**TASK OBJECTIVE:** Transcribe all the lines below exactly. Omit the pictures.

**LISTED RECORDS:**
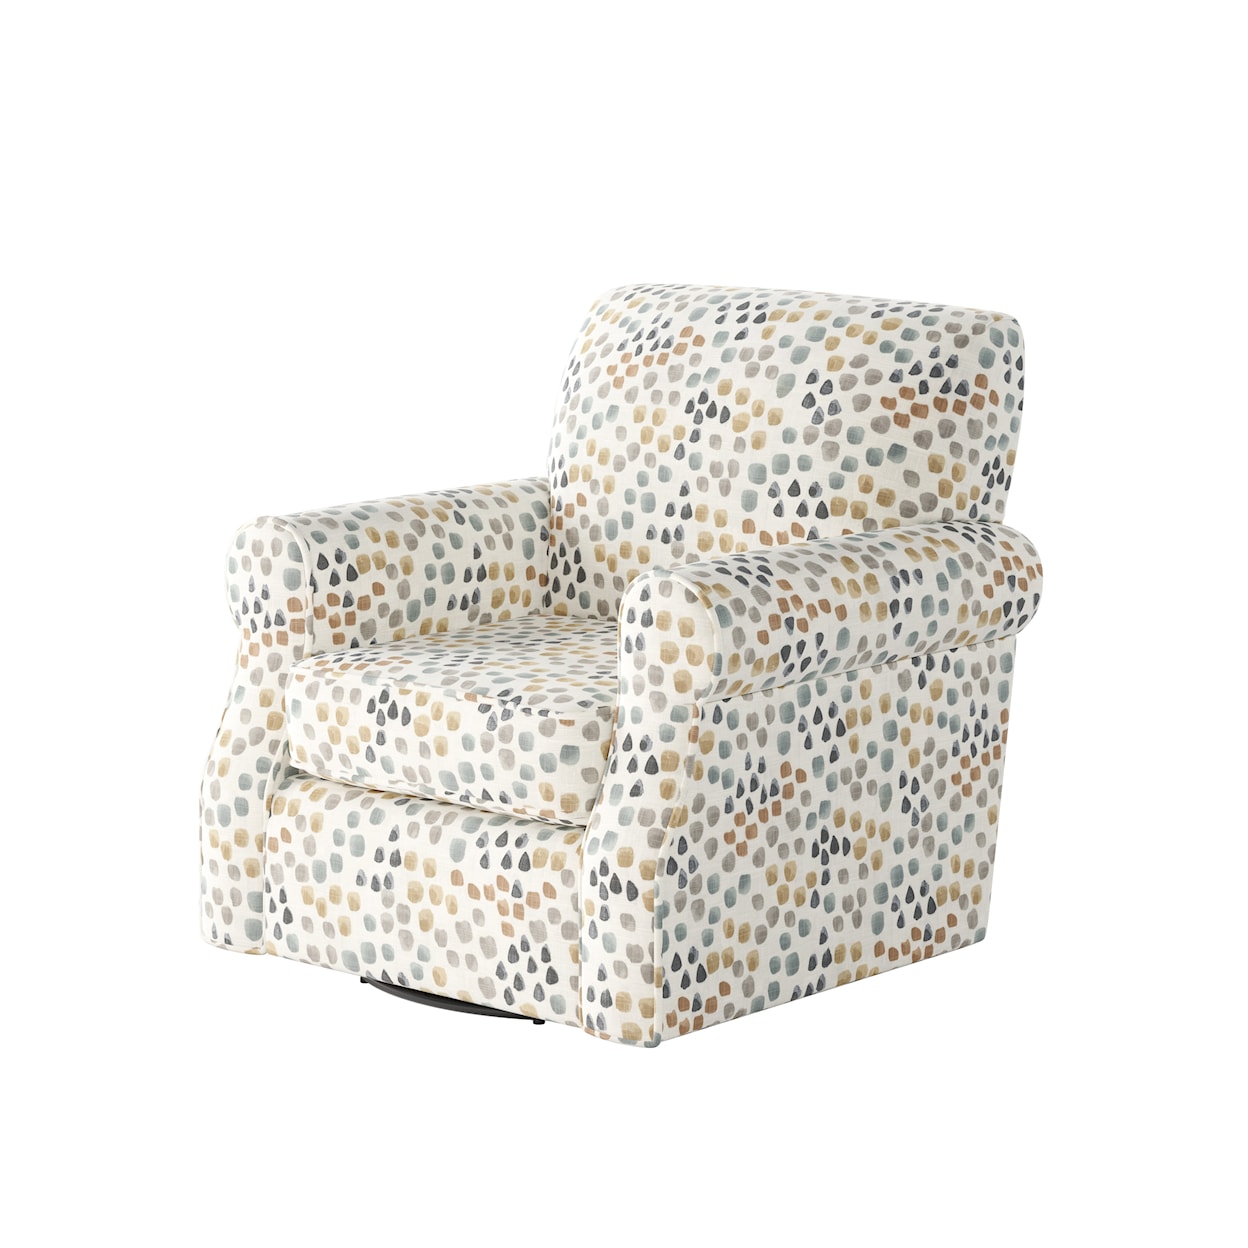 Fusion Furniture Grab A Seat Swivel Chair
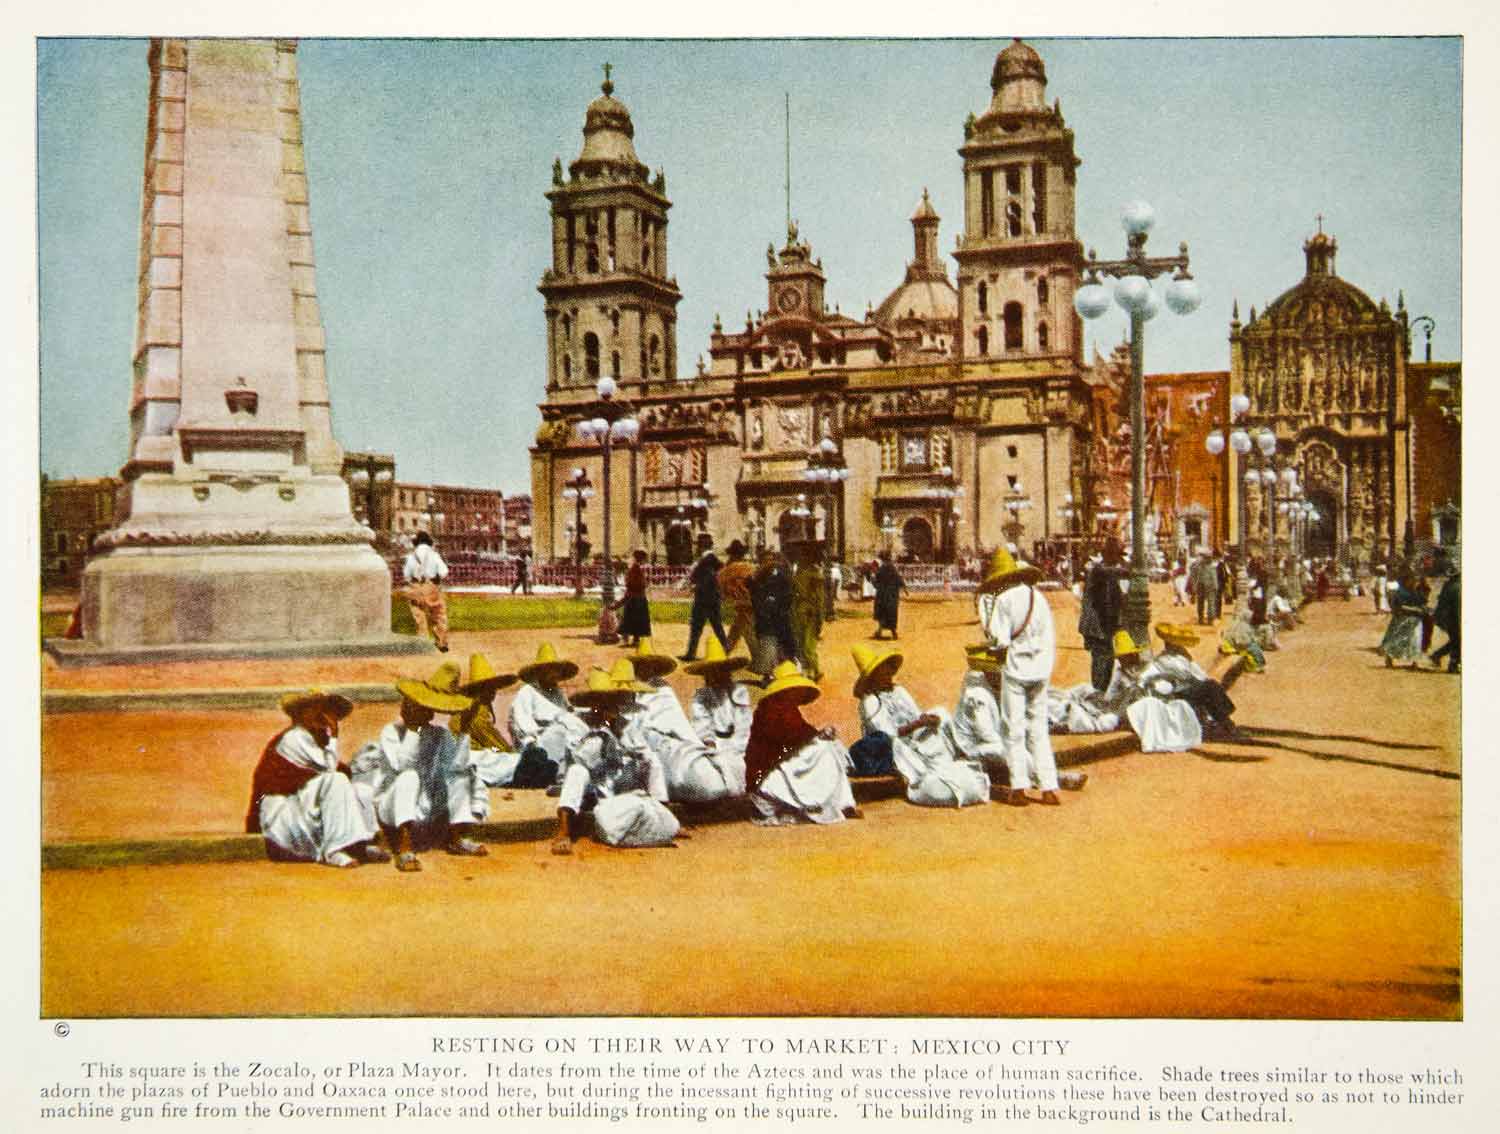 1923 Color Print Mexico City Zocalo Plaza Mayor Cathedral Historical Image NGMA1
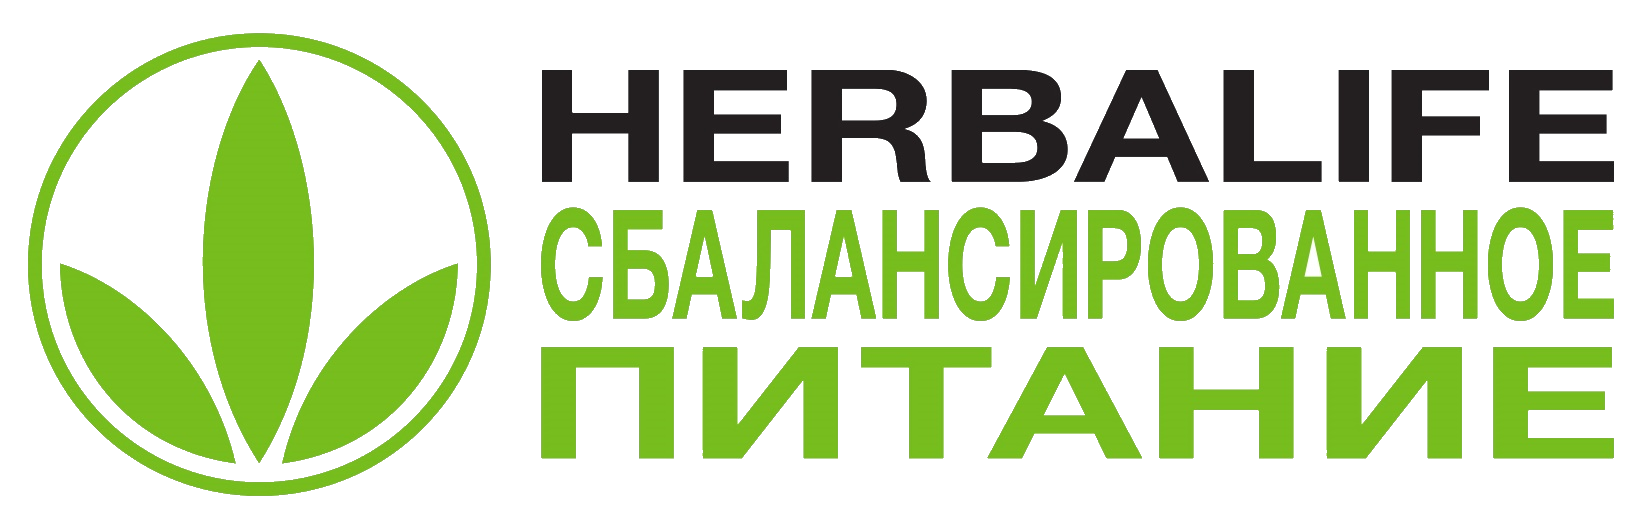 Herbalife Nutrition Logo Transparent - Herbalife Logo Transparent
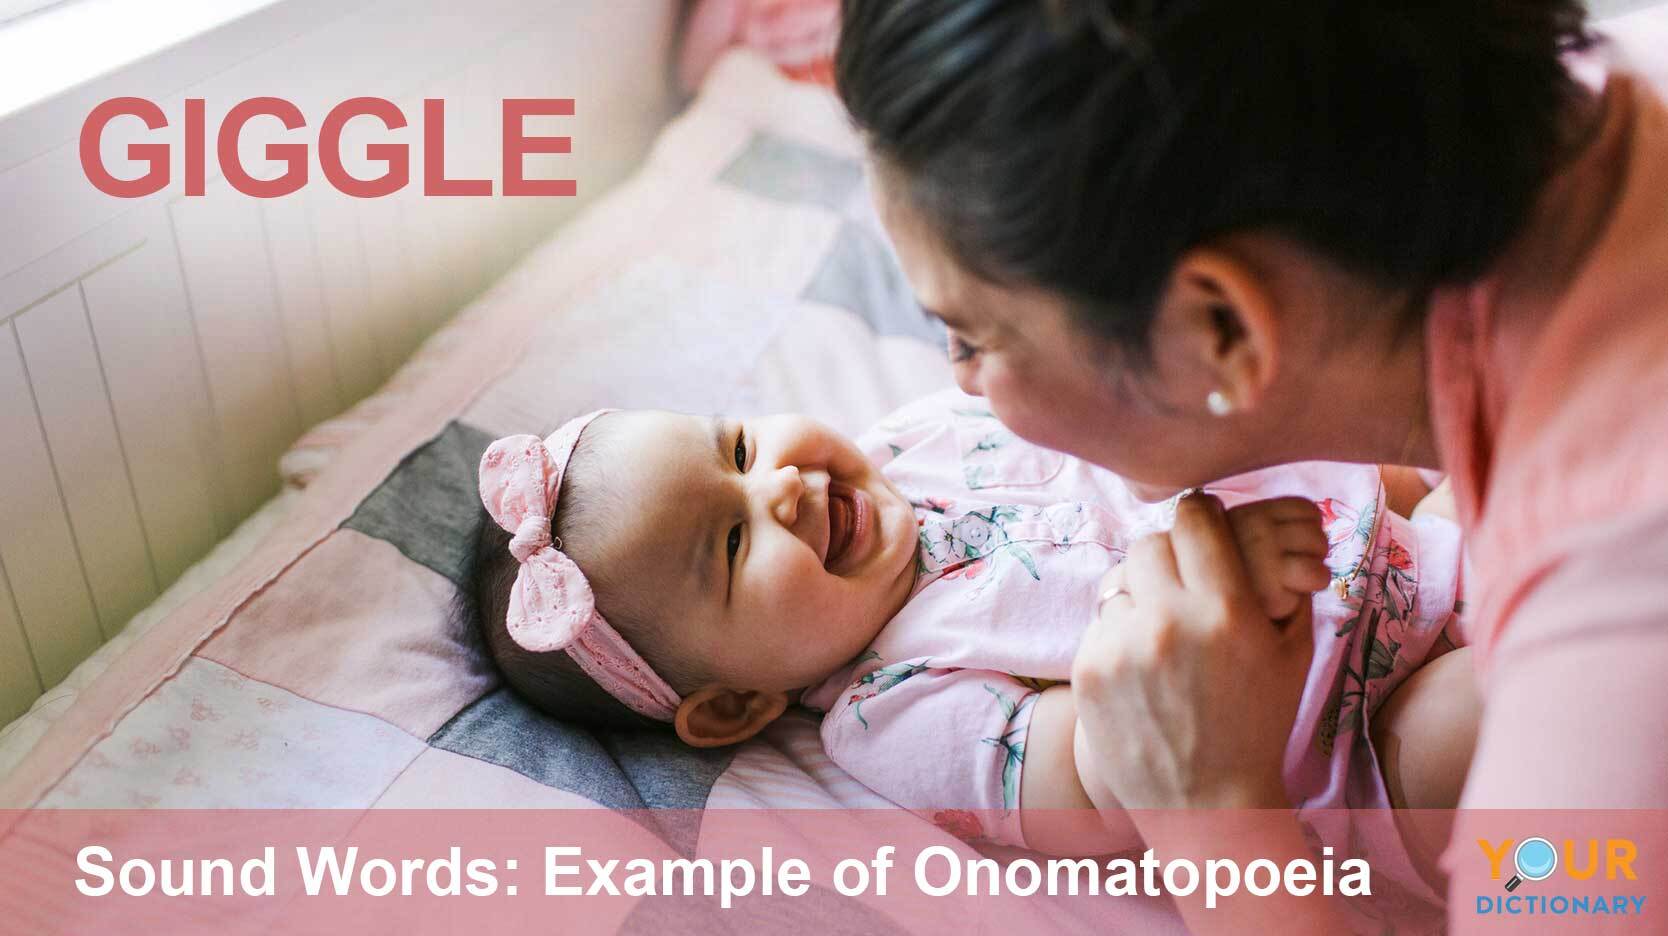 onomatopoeia example of vocal sound word giggle
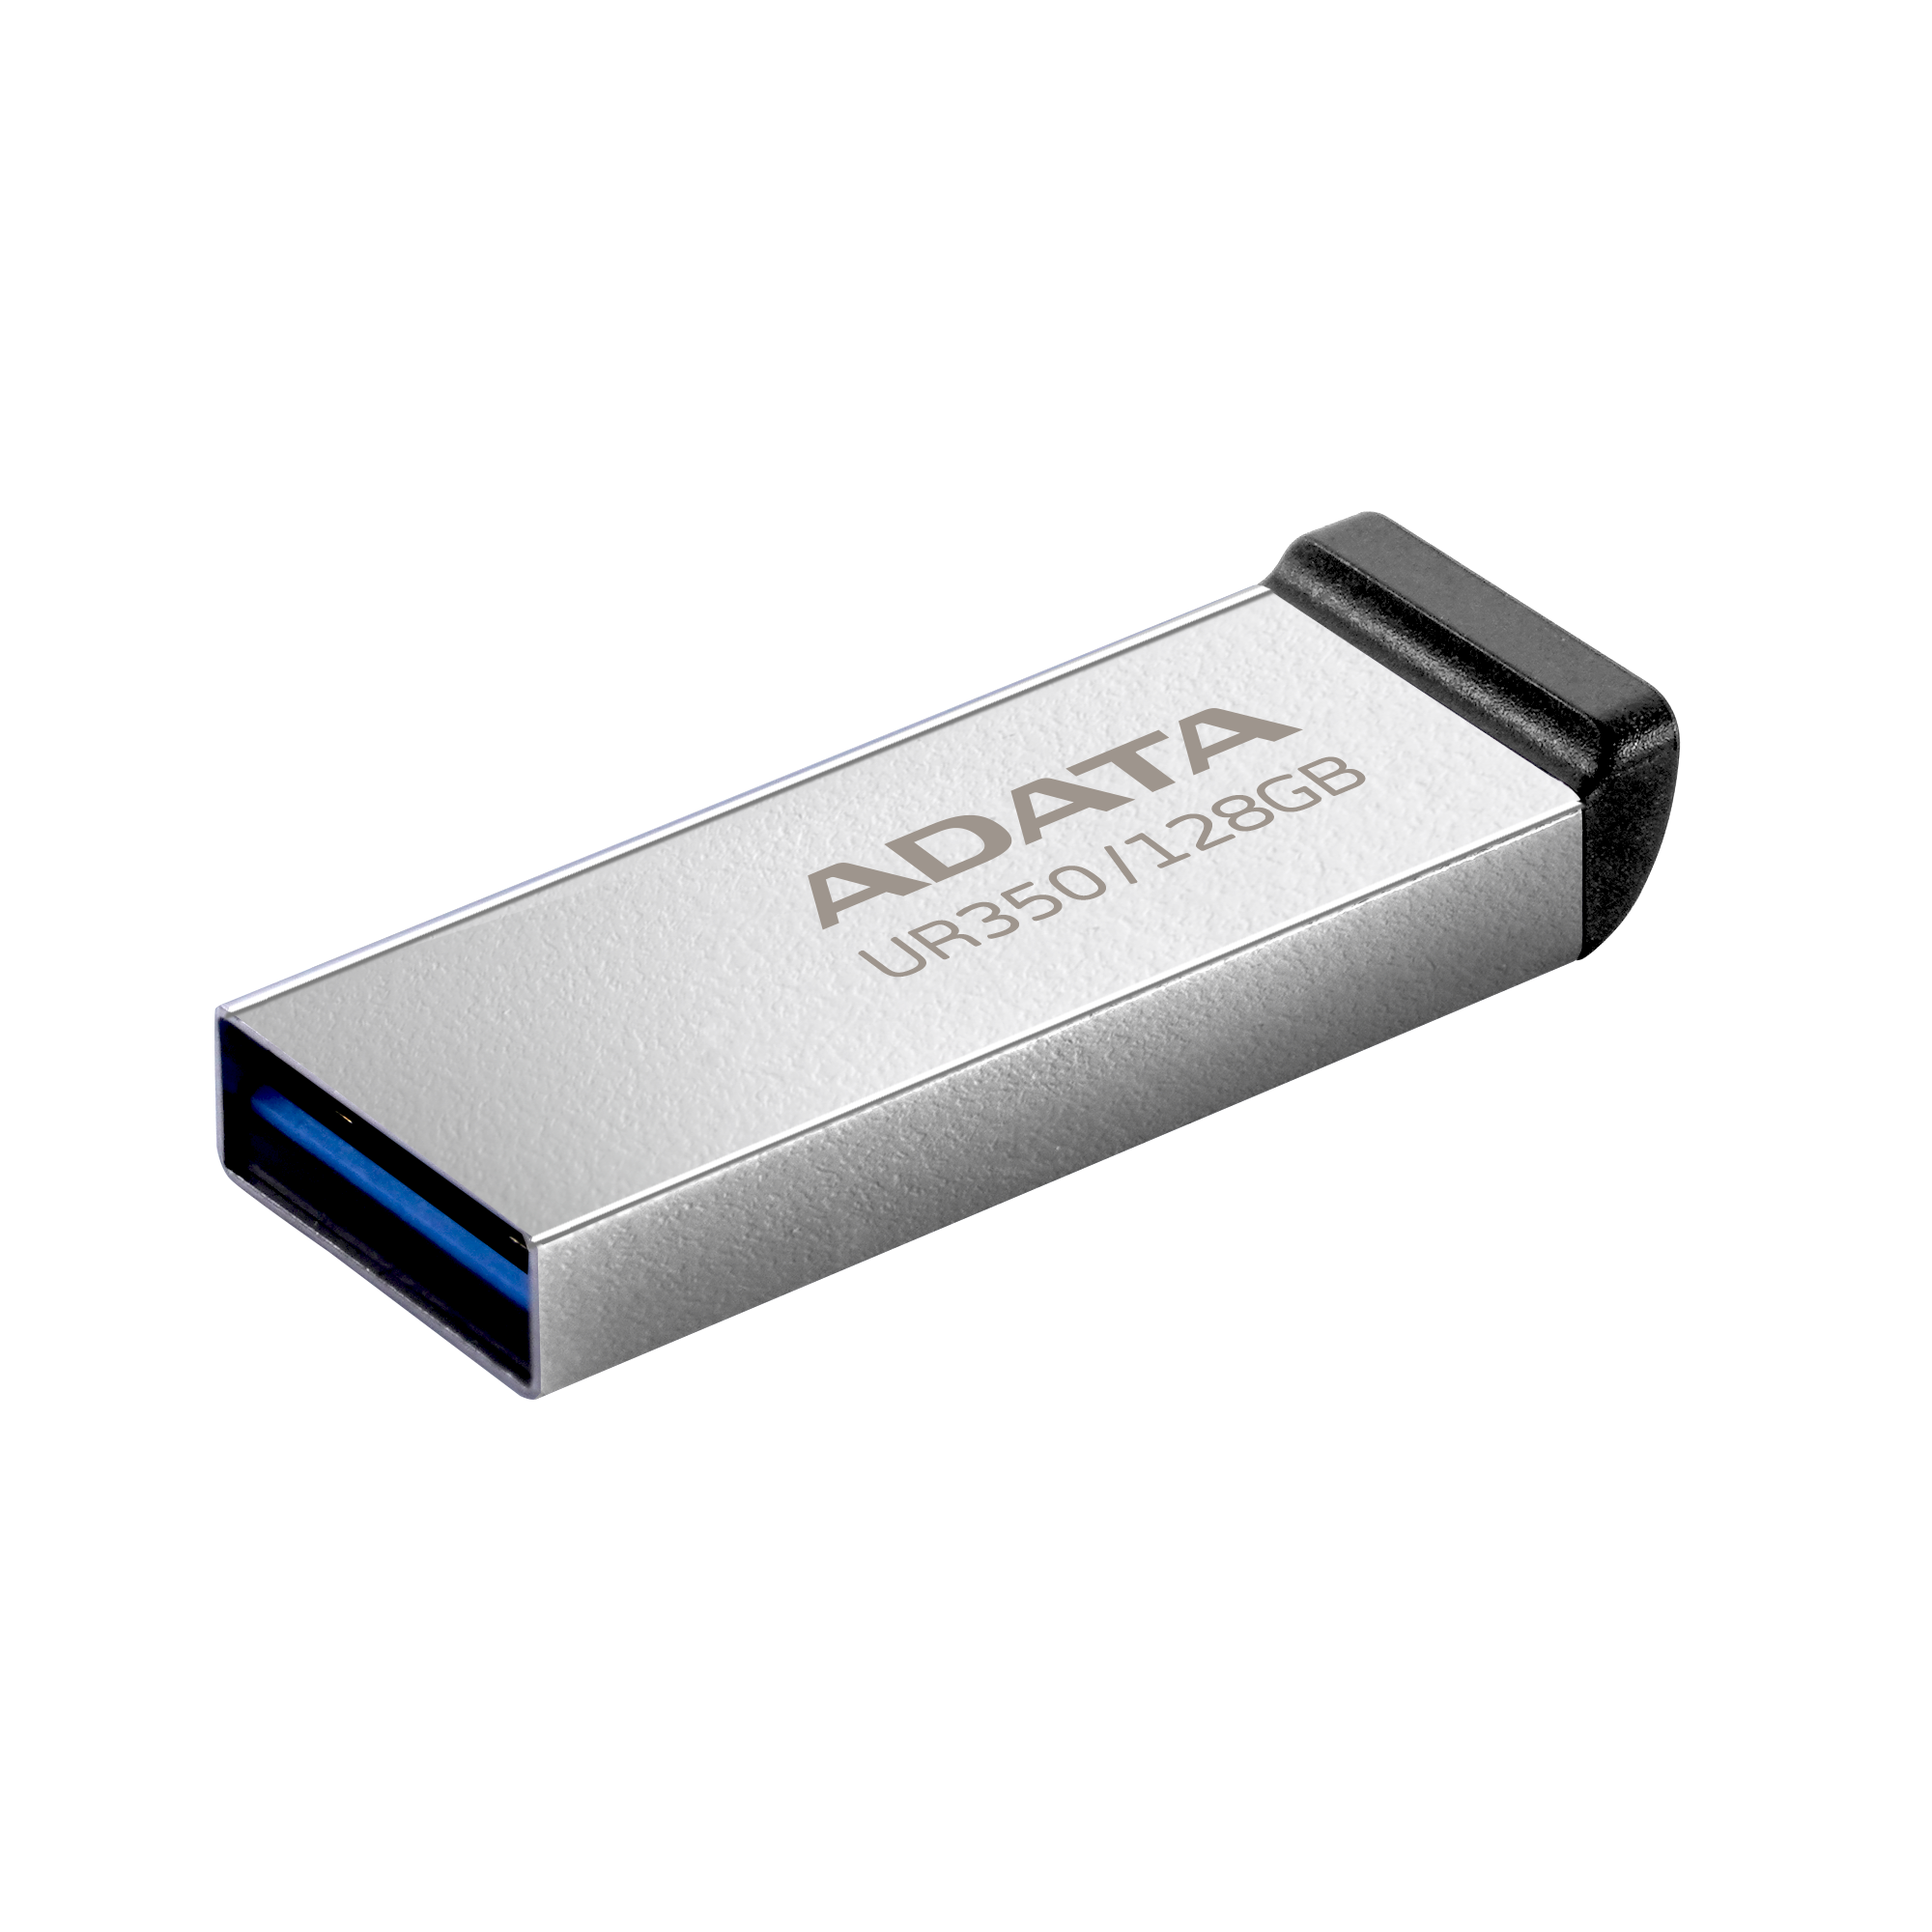 ADATA UR350/ 128GB/ USB 3.2/ USB-A/ Černá

**OUTPUT OF THE EXERCISE:**
 Fusion Furniture Grab A Seat Swivel Chair
 1923 Color Print Mexico City Zocalo Plaza Mayor Cathedral Historical Image NGMA1
 Herbalife Nutrition Logo Transparent - Herbalife Logo Transparent
 onomatopoeia example of vocal sound word giggle
 ADATA UR350/ 128GB/ USB 3.2/ USB-A/ Černá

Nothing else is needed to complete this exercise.